The requisite wrench is thrown into their problematic relationship when Bruno’s brother, Orlando, a charismatic Jeremy Renner, appears, and becomes smitten with Ewa. While “The Immigrant” leans heavily throughout on melodrama, its emotions still feel wholly authentic, until Orlando’s miraculous appearance, that is, which engenders plot complications and spurs the story toward its conclusion. Still, Orlando’s occupation as a magician, or, more to the point, an illusionist, is crucial, specifically because he is meant as a means for redemption and the possibility of redemption becomes very much illusory to Ewa.
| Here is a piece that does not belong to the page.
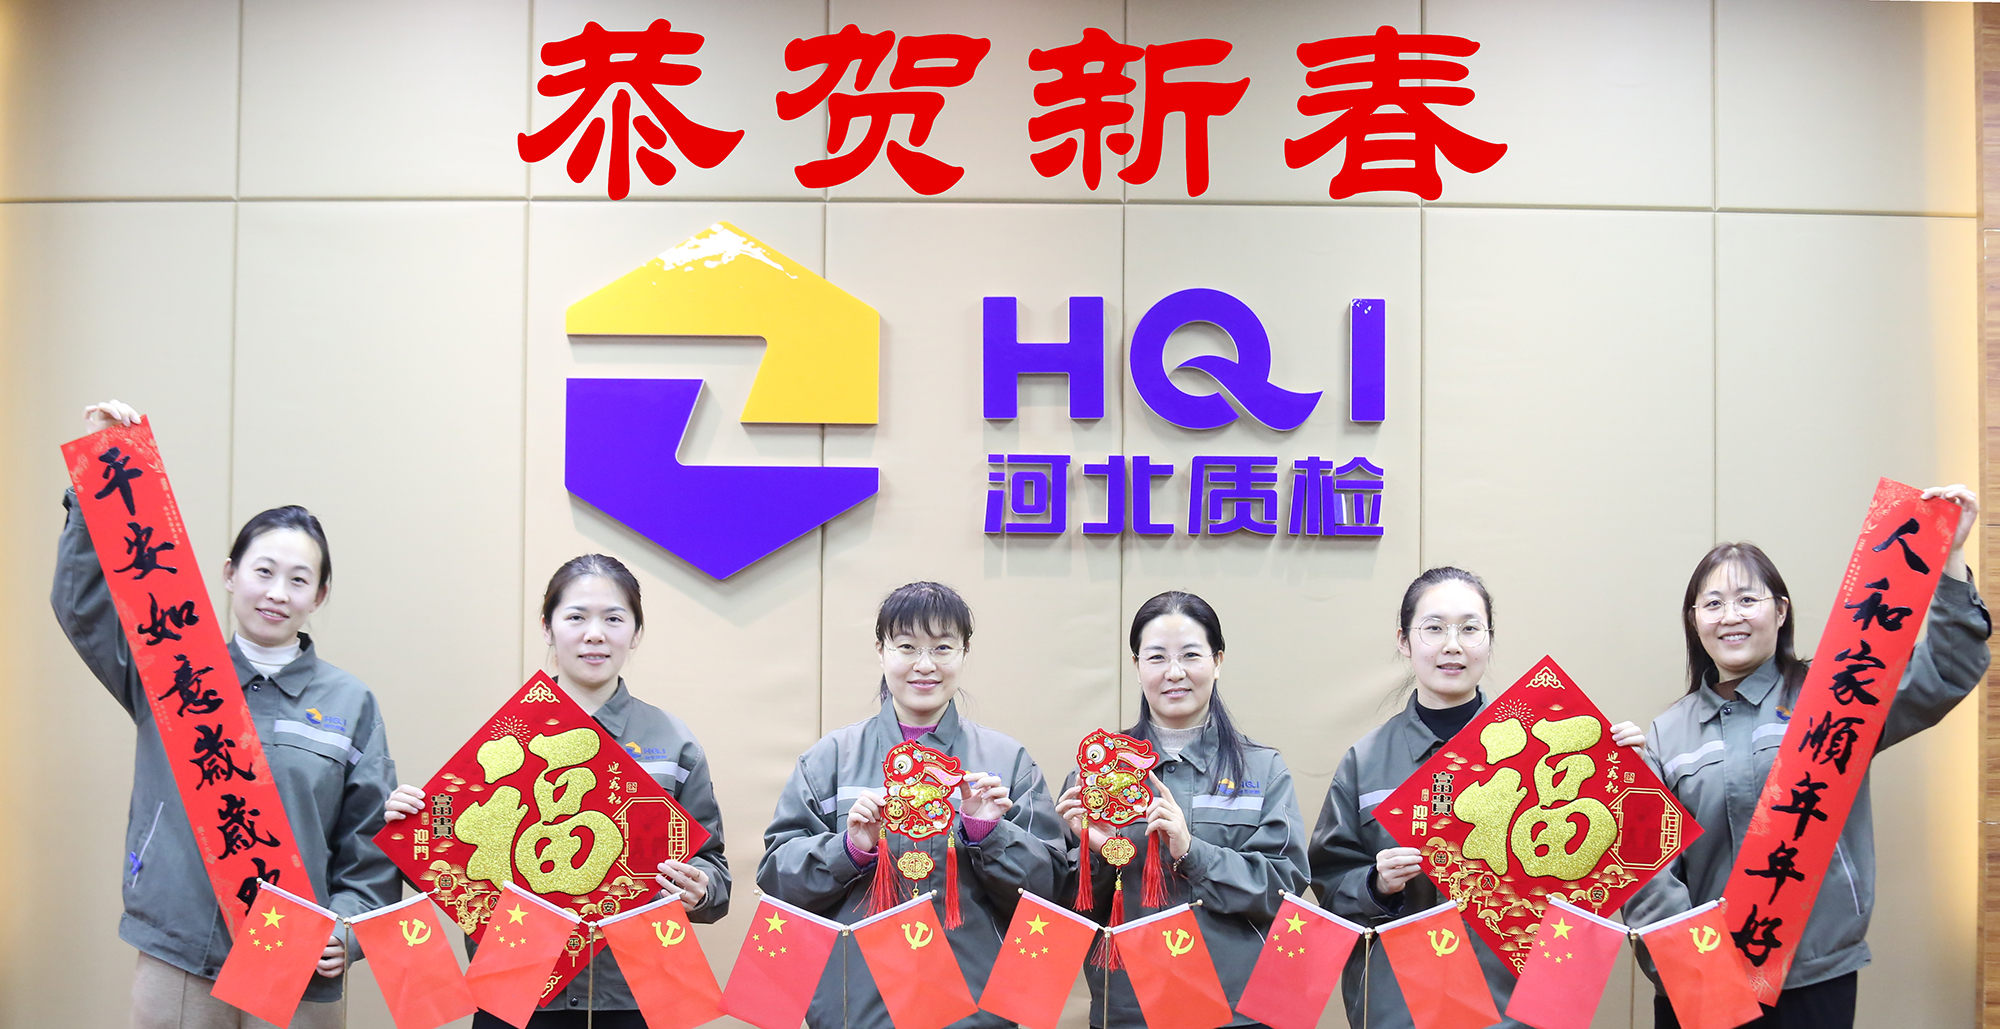 河北省质检院恭祝广大客户春节快乐 ！

That Ewa is made to dress up like Lady Liberty in Bruno’s revue becomes the ultimate twisted irony, an embodiment of the cornucopia of conflicted ideals of the nation to which she has fled. She enters the golden door beside the lifted lamp to find necessity of survival weighed against the wages of sin, and while Ewa begs for absolution and is admirably able to turn the other cheek toward those who treat her callously, she still reveals herself as willing to roll around in the ungodly mud of The Roaring Twenties and get what's hers. The Immigrant becomes an American.

1 comment:

Unknown said...

I forgot all about the issues it was portraying right after it was over and had it have something to say perhaps it wouldn't be the case. I actually think this last shot is overrated.